One of the things I’ve noticed since moving into the quantum computing space is how much of the conversation is still framed around the potential of what quantum will do someday, for someone, under the right conditions. That framing isn’t wrong exactly, but it tends to obscure the more immediate question: what does the path from here to there actually look like, and who is doing the infrastructure work to build it?
Today at HPE Discover Las Vegas, HPE announced IQM as one of its named quantum collaborators in their hybrid classical-quantum computing platform. I want to explain why I think that’s significant, and be honest about what it is and isn’t.
HPE is building out a hybrid quantum-HPC platform that brings together multiple quantum hardware modalities (superconducting, neutral atom, ion trap, silicon spin) alongside their classical Cray supercomputing infrastructure. The goal is to create testbeds for hybrid algorithm co-design, benchmarking of quantum-HPC workflows, and software interoperability across these environments.
IQM is their superconducting quantum partner in that work. We’re collaborating on the integration of IQM’s quantum systems with HPE’s HPC infrastructure, and working together to identify and pursue opportunities where that integrated stack makes sense for customers.
I want to be direct about where we are: this is the beginning of a collaboration, not the end of a process. The engineering challenges are real. Tightly coupling quantum processors to classical supercomputers (managing latency, data movement, error correction, control systems) is genuinely difficult. What we’re doing with HPE is the serious, methodical work of figuring out how to do it right.
There’s been healthy debate about where quantum computing finds its first real foothold in enterprise. Cloud access is one model. Standalone systems are another. My view, shaped by what I’ve seen in the U.S. market, is that the most credible near-term path runs through HPC.
The organizations most likely to find practical value from quantum in the next few years are the ones already running the most demanding classical workloads: national laboratories, research institutions, defense and aerospace organizations, pharmaceutical companies working on molecular simulation. These are HPC customers. They have the technical sophistication to work with quantum systems that are still maturing, the domain knowledge to identify where quantum might offer genuine advantage, and the infrastructure to integrate it properly.
IQM’s deployment model fits that environment well. We build full-stack quantum computers designed for on-premises deployment, integrated directly with existing HPC infrastructure. That means the customer owns the hardware outright, controls the data, and retains the IP generated on the system. There’s no shared cloud environment, no queuing behind other users, no dependency on a vendor’s uptime. The quantum processor runs dedicated, alongside the classical system, as a specialized accelerator for specific problem classes where quantum algorithms offer a meaningful advantage over classical approaches.
This isn’t a research prototype model. IQM has deployed 23 systems globally, more than any other quantum hardware manufacturer, to institutions that run production workloads and need systems that perform reliably. That deployment track record is part of why the integration work with HPE is grounded in operational reality rather than speculation.
That’s also the architecture HPE’s hybrid platform is designed around. It’s why the collaboration makes sense technically, not just commercially.
I’ll be straightforward about our position in the U.S. market: IQM is a strong European company that is working hard to build meaningful presence here. We just installed our first on-premises quantum system in the United States at Oak Ridge National Laboratory, one of the world’s leading HPC facilities. That’s a significant milestone for us. But the U.S. market is competitive, the customers are sophisticated, and credibility here is earned through consistent execution, not press releases.
The HPE collaboration is significant in that context because it connects IQM to the commercial HPC ecosystem in a way that matters to U.S. enterprise and federal customers. HPE has deep relationships across the national lab system, the defense industrial base, and large enterprise: exactly the customer segments where IQM’s deployment model is most relevant.
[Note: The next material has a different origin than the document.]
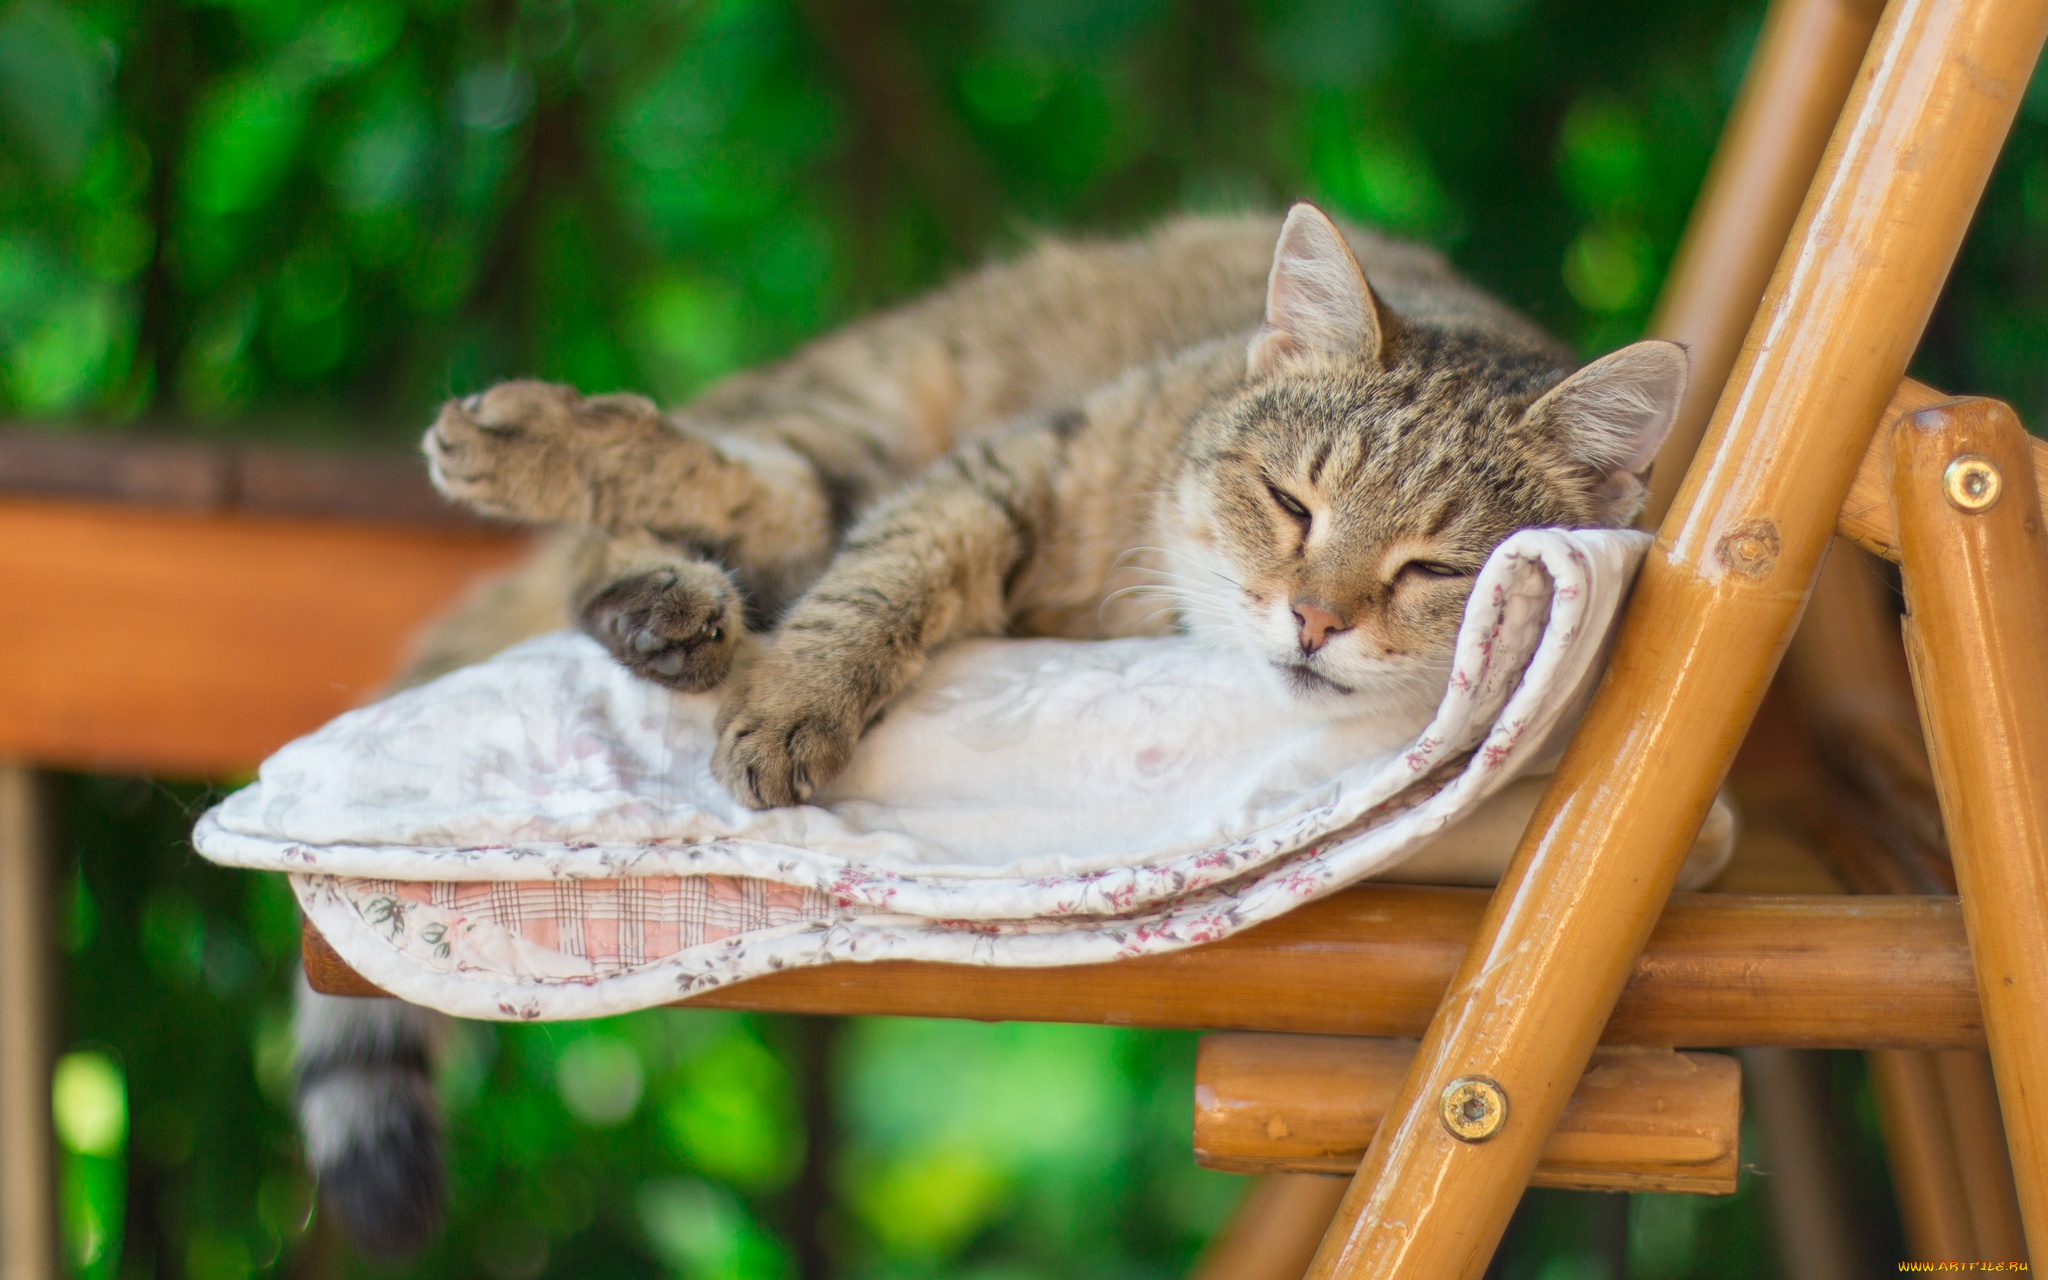 животные, коты, кот, стул, лето, одеяло, спит, настроение, боке, размыто, полосатый, леджит, лень, фон, серый, зеленый, кошка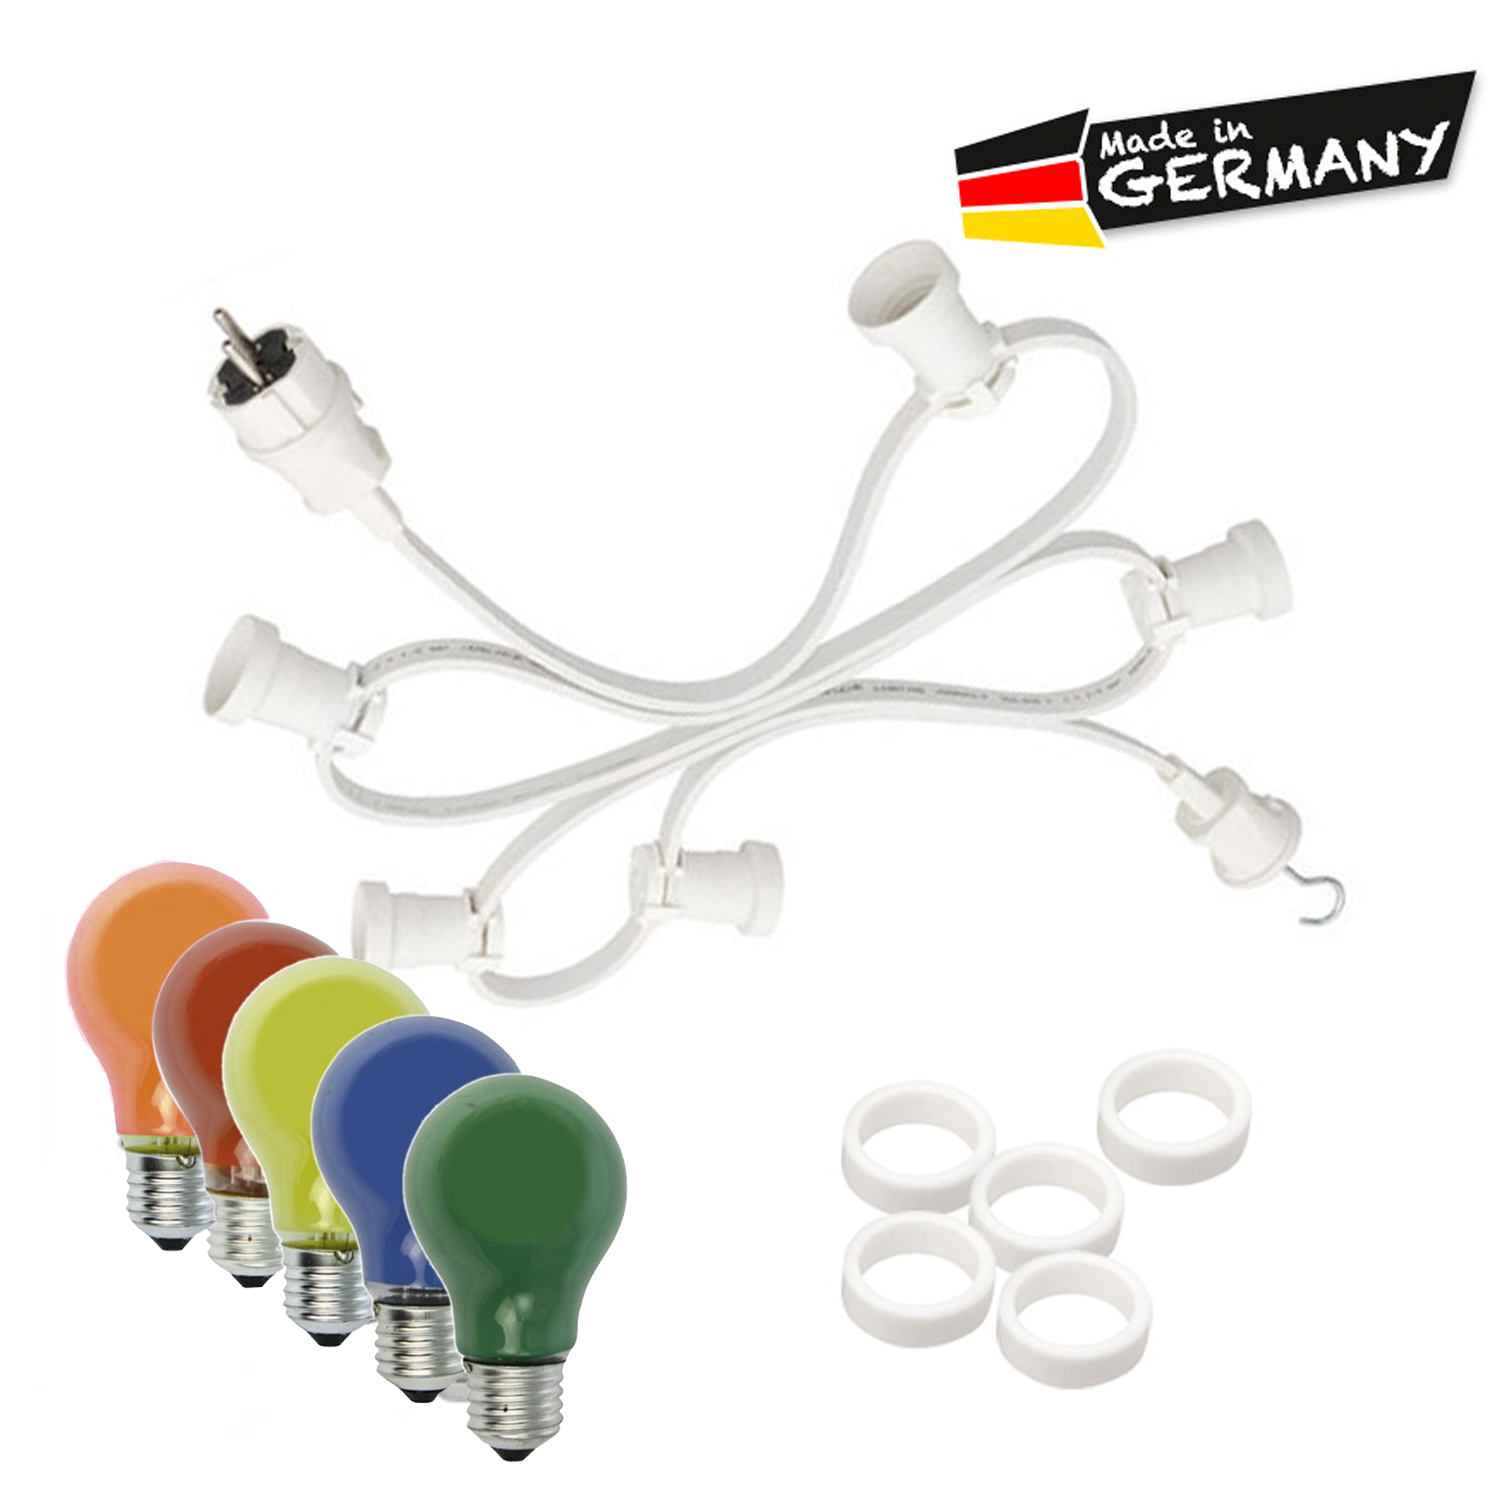 Illu-/Partylichterkette 10m - Außenlichterkette weiß - Made in Germany - 20 x bunte 25W Glühlampen

HPE Discover this week is the starting point for that work in public. We’re at demo booth #629 if you want to see what the integration looks like in practice.
I’m aware that “quantum is finally getting real” has been said more times than anyone would like to count. I don’t want to add to that noise. What I can say is that the infrastructure work (the testbeds, the integrations, the benchmarking, the software toolchains) has to happen before the applications can follow. That work is what this collaboration is about.
The customers who will be first to find practical value from quantum are the ones doing that infrastructure work now. IQM and HPE are trying to be good partners to those customers.